Do you really trust all these centralized powers as we enter an age of nanotechnology of numerous kinds? Do you trust tattoos that listen to your subvocalizations? Do you have zero fear of these technologies falling into the hands of people who would be happy to absorb your land, wealth?
That future hasn't arrived. But it always does. Any mass submission to authorities with the power to engineerconsent over use of such technology has potentially existential consequences.
The Unknown Unknowns.
Since we do not know what they are, they might be nonexistent or they might be scarier than anything we've listed thus far. There may be long term epigenetic responses that could produce all manner of health problems down the road, like an urge to listen to only elevator music or even death. The mRNA technology described by its manufacturers as functioning "very much like an operating system on a computer" really could lead to bioweapons we've not even imagined. I know, you've already started to imagine them. That's part of the problem.
In Summary
To me, the risk profile of this mass vaccination program looks not simply bad, but terrifying. But if you don't trust my analysis (please comment or link to better analysis, pro or con), consider that there are many experts in virology, vaccines, and related fields whose opinions are negative to extremely negative.

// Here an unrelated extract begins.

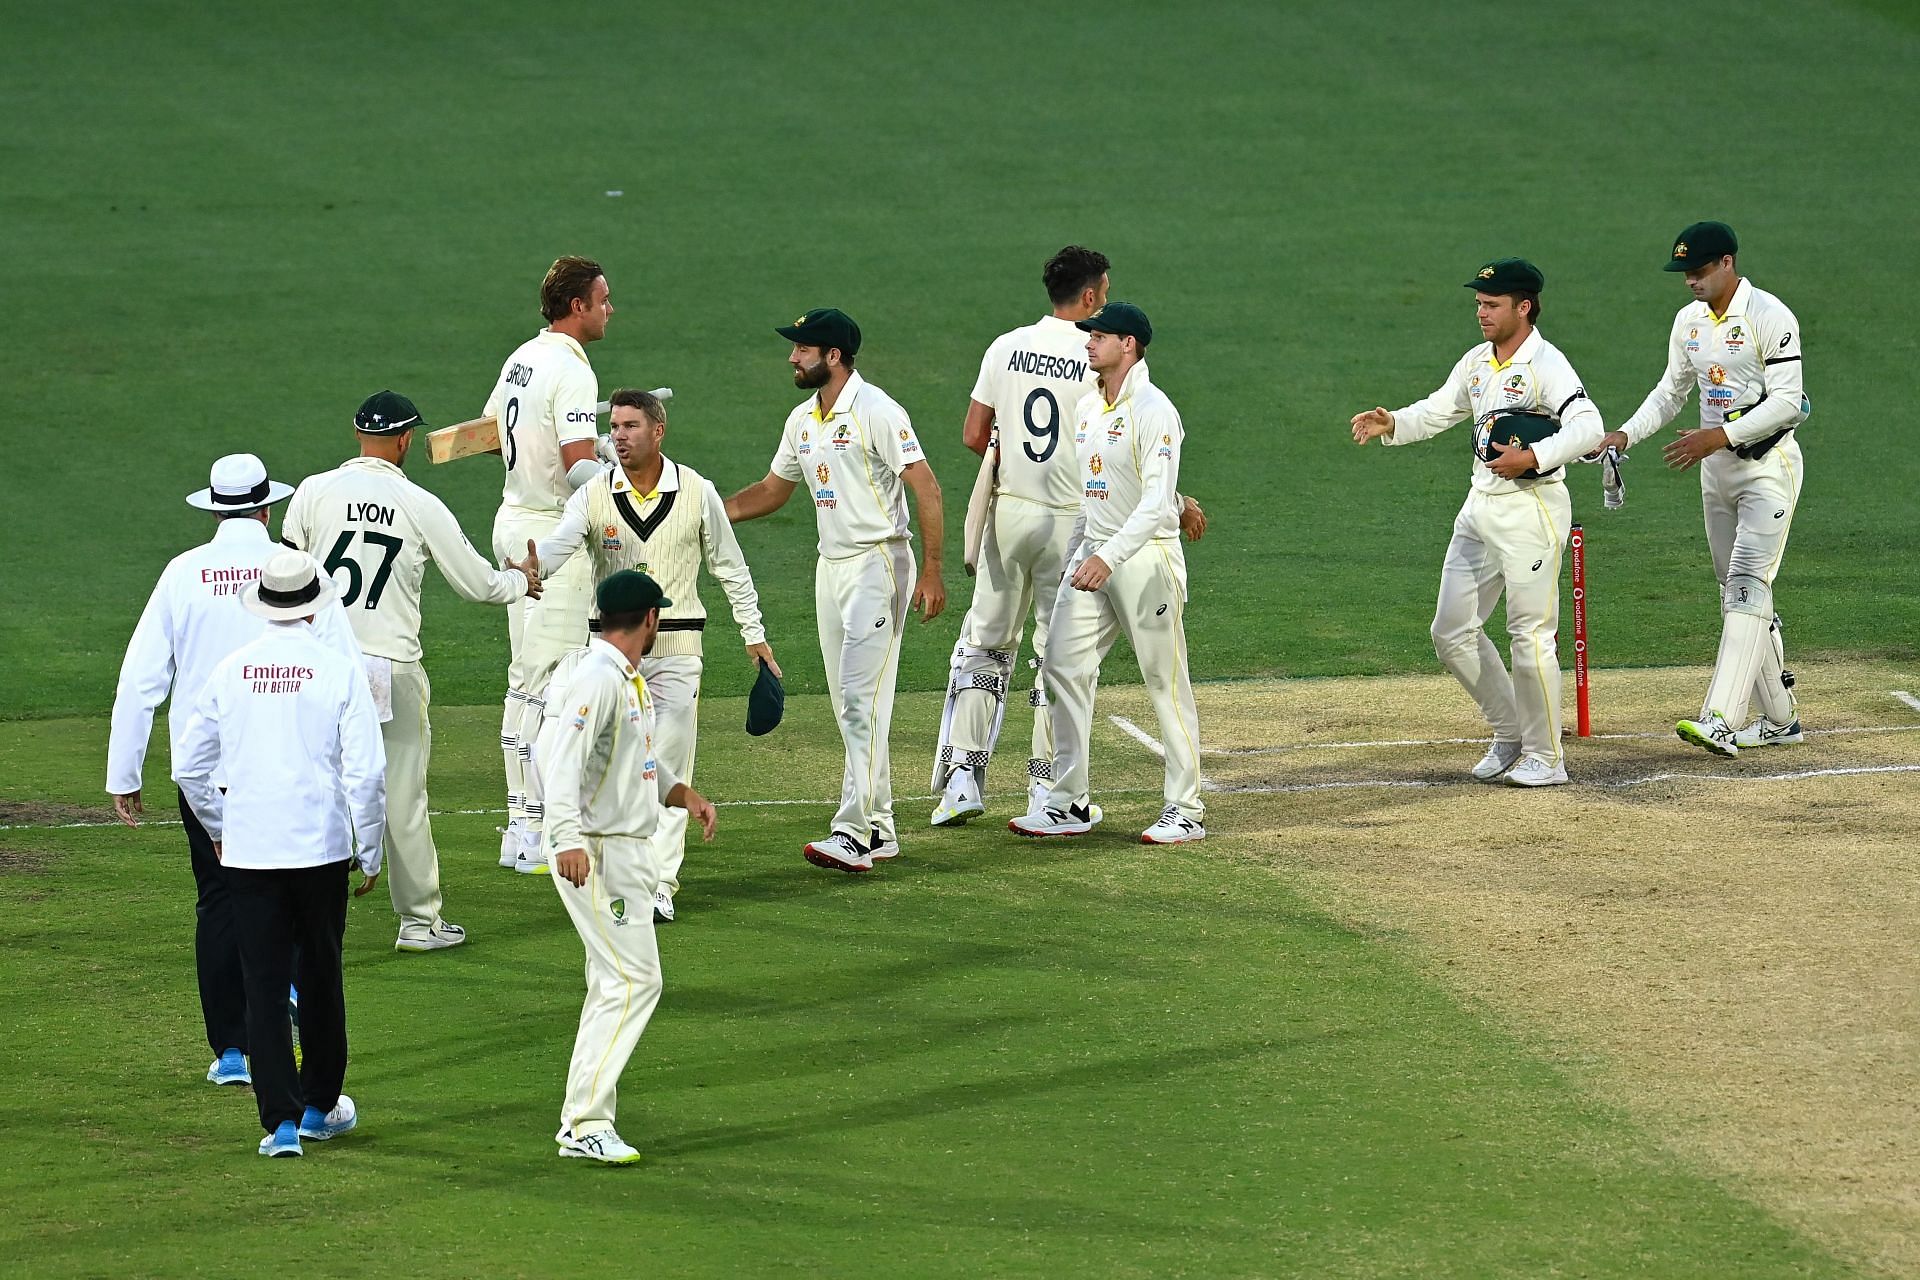 Australia won the second Test by 275 runs in Adelaide

Virologist Sucharit Bhakdi: "Healthy people aren't dangerous," but the vaccine campaign is "extremely dangerous".
Former Pfizer (CSO and VP) Head of Allergy and Respiratory Research, Dr. Mike Yeadon, is terrified of the COVID-19 vaccine campaign.
Vaccine developer Geert Vanden Bossce (homepage): "As mass vaccination campaigns have started in the vulnerable population, not only vaccinated subjects but also not yet vaccinated younger age groups will become a breeding ground for new infectious variants. There can be no doubt that continued mass vaccination campaigns will enable new, more infectious viral variants to become increasingly dominant and ultimately result in a dramatic incline in new cases despite enhanced vaccine coverage rates."
What motivated me to dig further into the mass vaccination campaign to begin with was a tearful message from a vaccine manufacturer saying that this may be the greatest human disaster in history. They might all be wrong. I hope they are. But we are moving into all this without the time to fully understand it. We need to talk more about the risks, though it might already be too late to stop some or the impacts.